There are some wonderfully, ruefully comic passages, involving his hopes of meeting Updike, whom he only met, in fact, twice and briefly. Updike visits Rochester to talk about Melville. Baker, with his mother, goes up afterwards to get “Rabbit Is Rich” signed. (He dithers, of course, about whether he should present some less obvious choice.)

When he reaches the table, he tells the writer that, visiting The New Yorker office, he’d noticed that an Updike story was about to appear. Politely, Updike asks what he’d been doing there, thus allowing Baker to say that the magazine was about to publish one of his own stories.

“So we’re fellow contributors,” he adds with ghastly blitheness. “And I’m his mother,” his mother calls out from behind, waving. Updike is kind; we are shattered with embarrassment; Baker, having survived his own shattering, gives us a moment of hilarious, terrible truth.

There are languors in “U and I” and a few side trips we may just as soon not take. There is Baker’s picket-fence-dancing absurdity in claiming that most great novelists have been women or gay (most?), and in remarking that Shakespeare is great but not when performed on the stage.

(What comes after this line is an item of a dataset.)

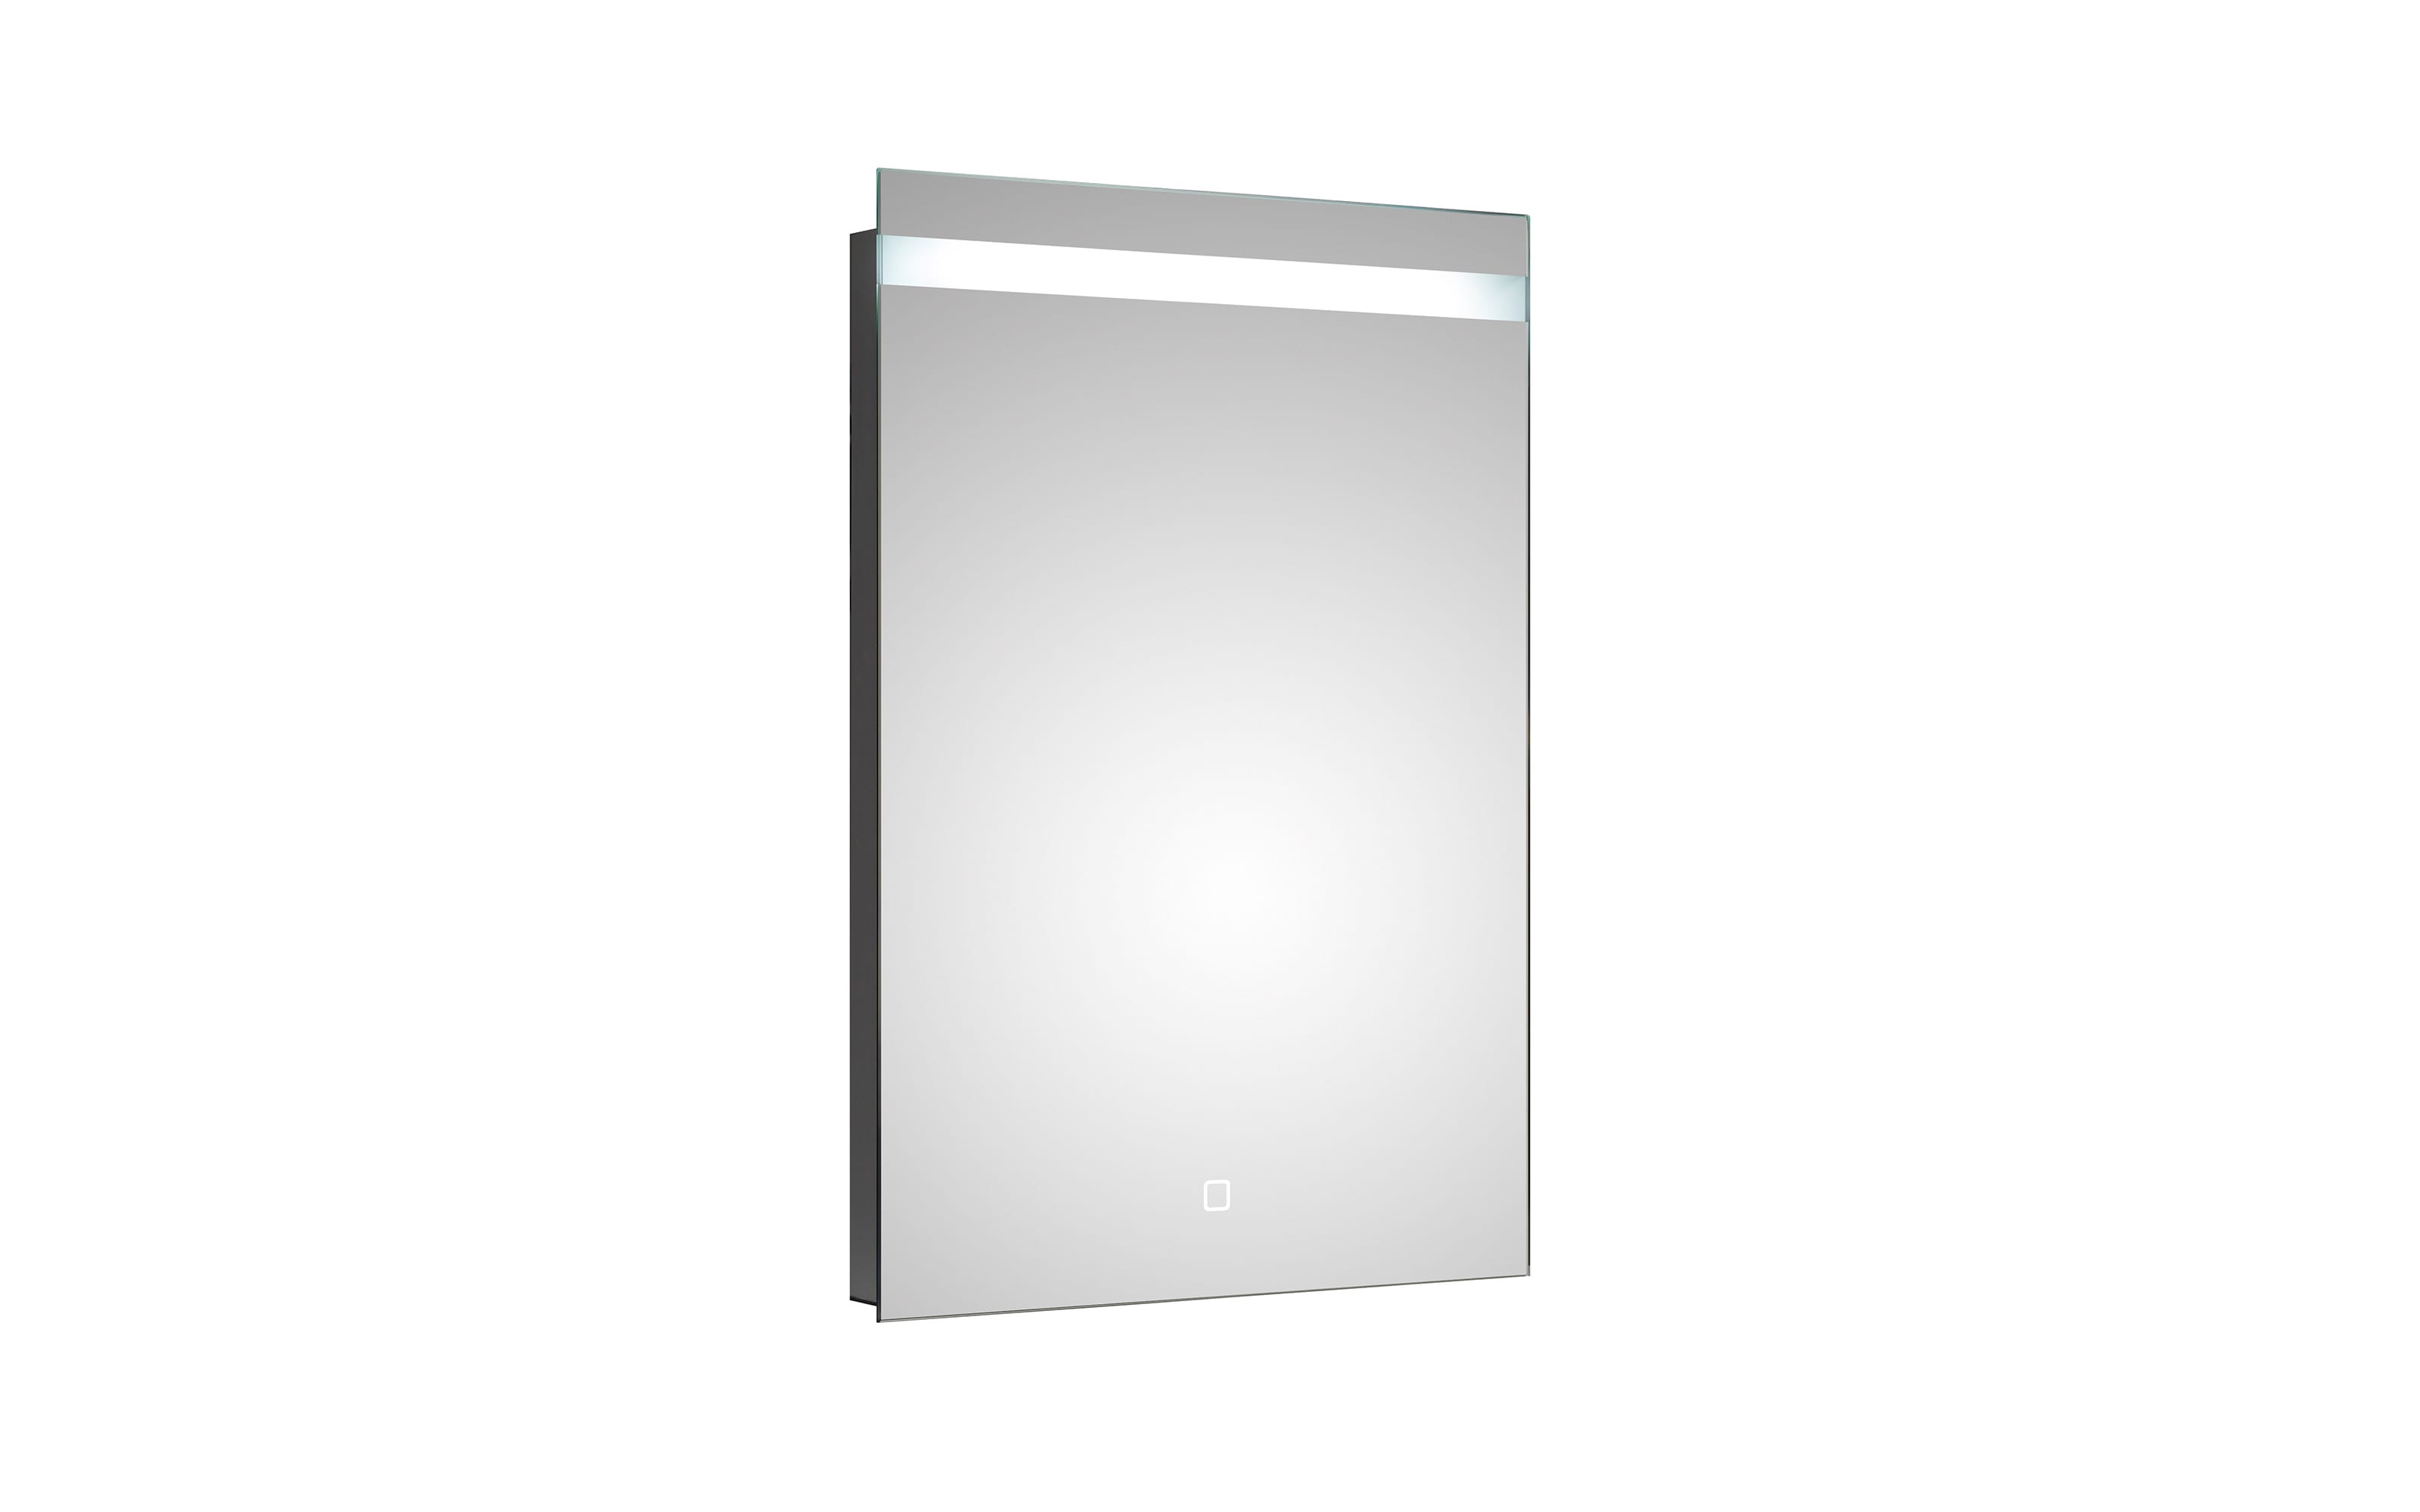 LED-Spiegel 26, Aluminium, 50 x 70 cm, inkl. Touchsensor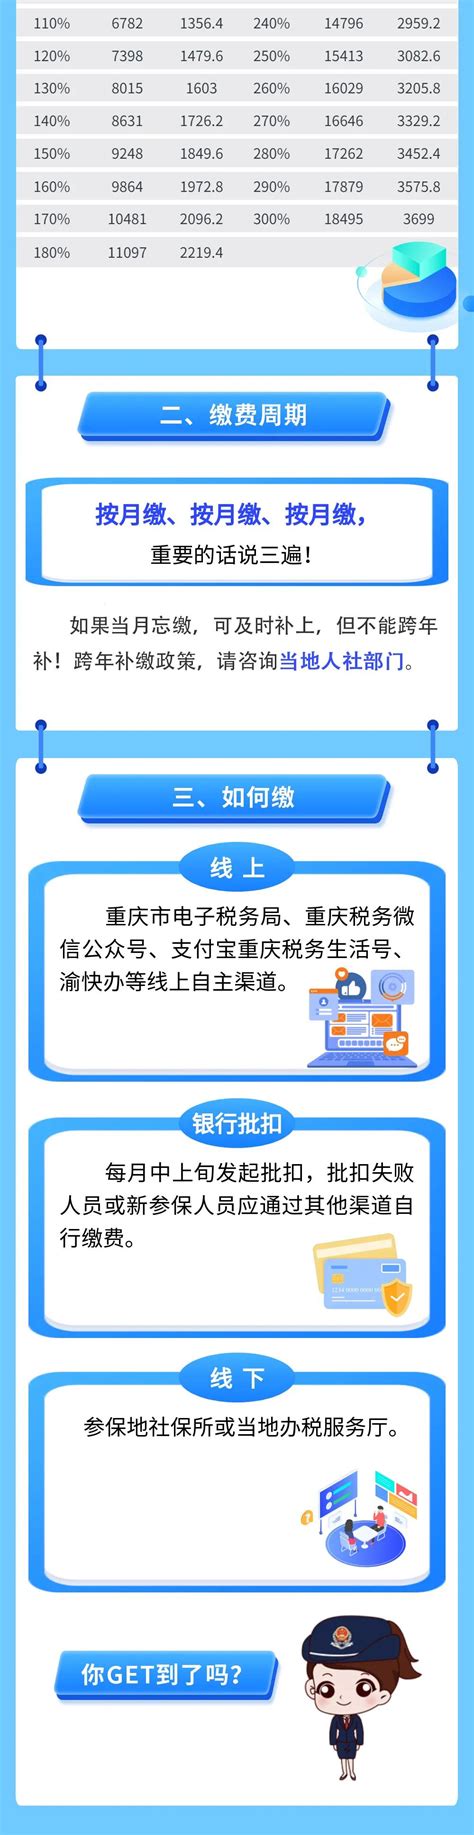 青海省2021年度灵活就业人员社保缴费标准明细表

Perhaps, so splendidly cultivating his own garden, he has not traveled to see English, Italian, French, Polish, German, Swedish . . . oh, never mind . . . Shakespeare. What does a temperate-zone homebody gardener know of bananas?

But he has written a funny, passionate and moving book about the complex tremors of the young creator before the older one; of his sense of anguish, jealousy, admiration and shining company in a solitary universe.